Tanah yang Mengingat
Tanah yang Mengingat
Seri Permakultur #1
Mungkin kita berpikir tanah hanyalah benda mati—sekadar hamparan cokelat yang menunggu dicangkul. Namun bagi siapa yang mau mendengarkan, tanah adalah arsip kehidupan. Ia mengingat, meski diam. Ia mencatat, meski tanpa huruf.
Di kebun kecil belakang rumah, aku pernah menanam cabai di bekas gundukan kompos. Setiap kali menyiram, muncul aroma samar: campuran daun kering, hujan pertama, dan sesuatu yang seperti masa lalu. Saat itu aku mengerti, tanah tidak hanya menyimpan sisa-sisa organik, tapi juga kenangan akan tangan-tangan yang menyentuhnya. Ia mengingat kebaikan dan kelalaian kita—dan mengembalikannya dalam bentuk yang setara.
Dalam pandangan permakultur, langkah pertama untuk merawat bumi bukanlah mencangkul atau menanam, melainkan mengamati. Observe and interact — melihat dengan mata yang sabar, menyentuh dengan hati yang terbuka. Tanah tidak bisa disembuhkan oleh tangan yang terburu-buru. Ia perlu dipahami seperti kita memahami seseorang yang pernah terluka: dengan waktu, empati, dan kesediaan untuk diam mendengar. Di situlah kebijaksanaan bermula—dari kesediaan untuk menunggu bahasa alam berbicara pelan-pelan.
Orang dulu menyebut bumi dengan penuh penghormatan: ibu pertiwi. Ada rasa kedekatan dan kasih di dalamnya—seolah tanah adalah ibu yang menimang kehidupan. Dalam pepatah lemah cai jadi nyawa urang, tanah dan air bukan sekadar sumber pangan, tetapi sumber identitas. Maka ketika kita menanam, sejatinya kita sedang mengingat siapa diri kita: bagian dari tubuh bumi yang sama.

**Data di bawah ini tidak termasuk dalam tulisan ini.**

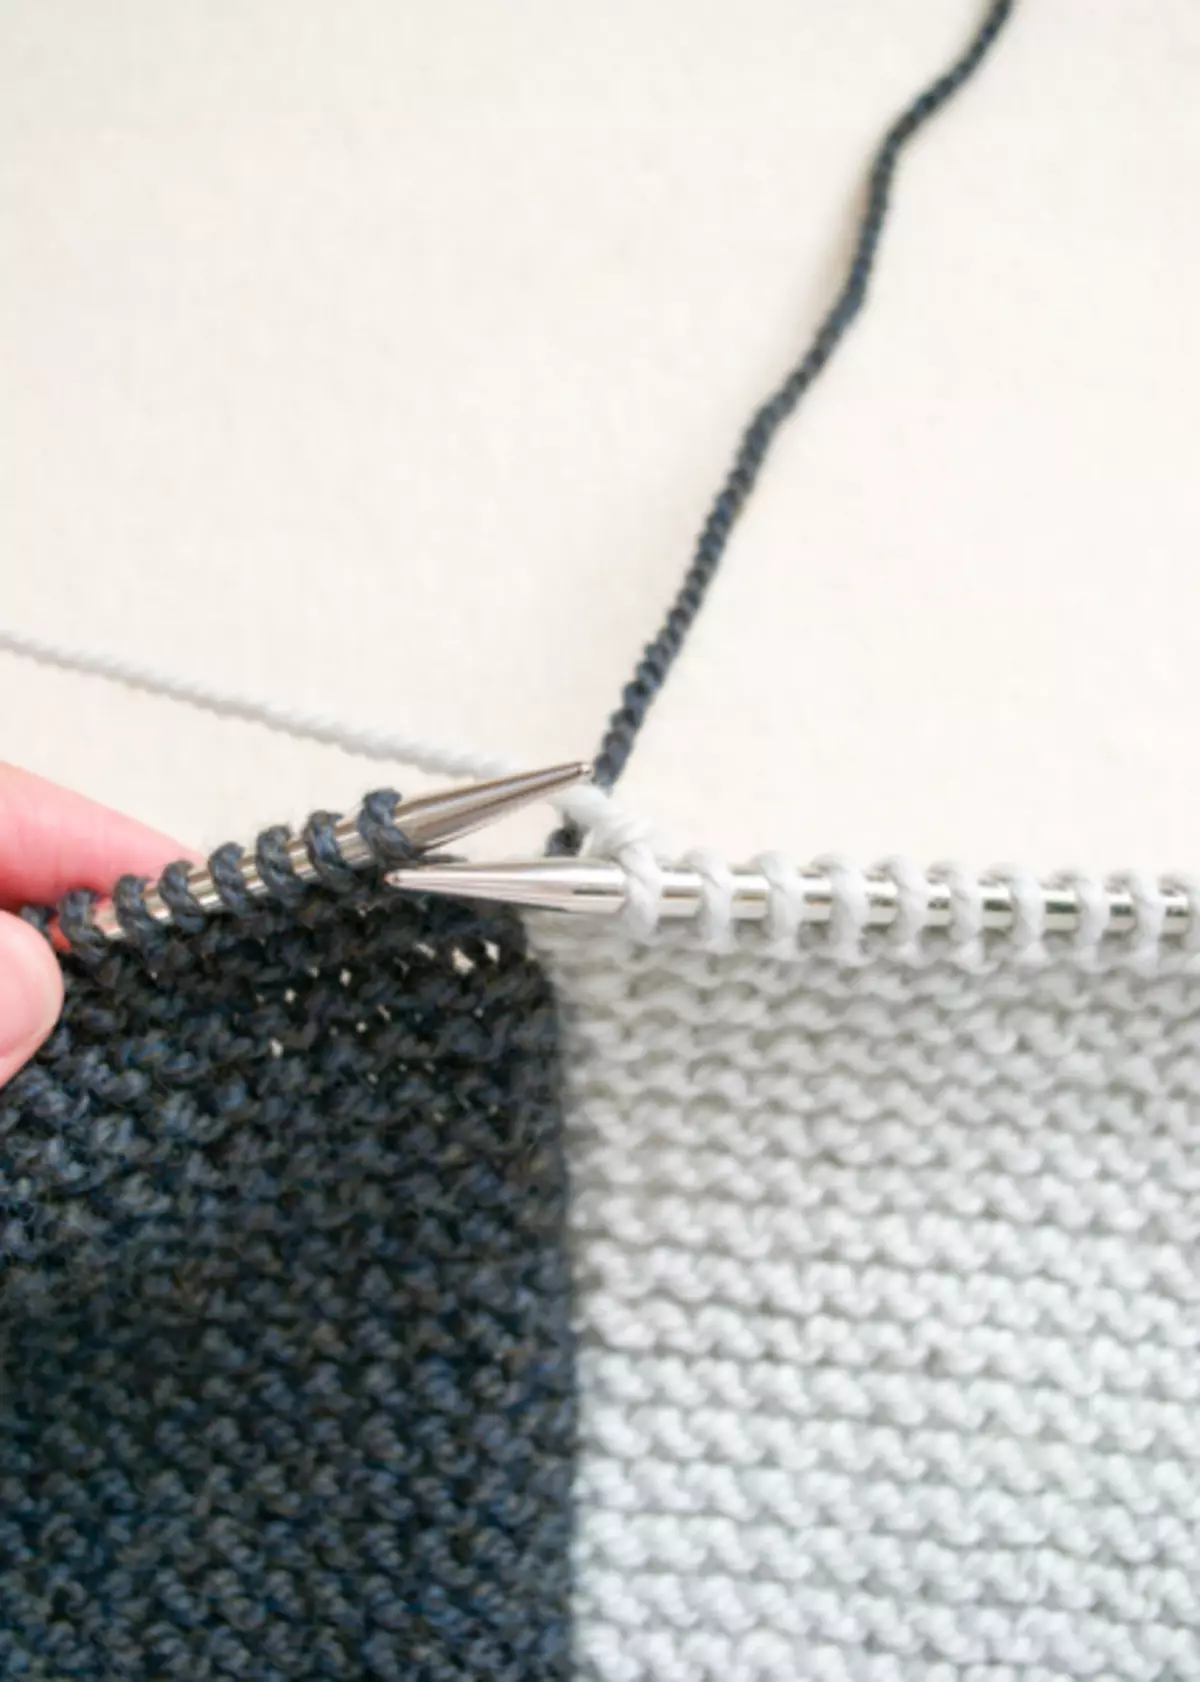 Transformator Vest Knitting Needles: Ordninger med beskrivelse og bilde

Namun manusia modern sering memperlakukan tanah seperti pabrik—dipaksa terus berproduksi tanpa jeda. Kita lupa bahwa tanah pun perlu beristirahat, seperti tubuh yang lelah. Pupuk kimia memang memberi hasil cepat, tapi seperti kata pepatah, “yang tumbuh tanpa proses, cepat pula layu.” Tanah yang dipaksa tanpa cinta perlahan kehilangan napasnya; mikroorganisme lenyap, cacing menghilang, dan aroma tanah yang harum setelah hujan berganti menjadi bau logam.
Mengamati tanah berarti juga mengamati diri sendiri. Apakah kita memberi ruang bagi kehidupan untuk berproses, atau kita menuntut hasil secepat mungkin? Tanah mengajarkan kita tentang kesabaran—tentang ritme yang tak bisa dipercepat. Ia tahu kapan waktunya kering, kapan ia menunggu hujan, dan kapan ia menumbuhkan sesuatu yang baru setelah kehilangan.
Dalam permakultur, hubungan dengan tanah bukan relasi produksi, melainkan pertemanan. Kita tidak bekerja di atas tanah, tetapi bersama tanah. Saat cangkul menyentuh permukaan bumi, sebenarnya dua dunia sedang bertemu: dunia dalam diri manusia dan dunia dalam diri tanah. Keduanya saling bercermin. Maka, setiap kali kita menanam, kita pun sedang menanam kesadaran—bahwa kehidupan tumbuh dari hubungan, bukan dari kepemilikan.
Tanah yang sehat mengingat kita dengan cara yang lembut: dengan tunas yang tumbuh, dengan aroma yang menenangkan, dengan kesuburan yang kembali tanpa diminta. Ia tidak menuntut balasan, cukup dihormati. Karena pada akhirnya, tanahlah yang akan menjadi rumah kita semua—tempat segala kenangan kembali ke akar, dan segala kehidupan bermula lagi.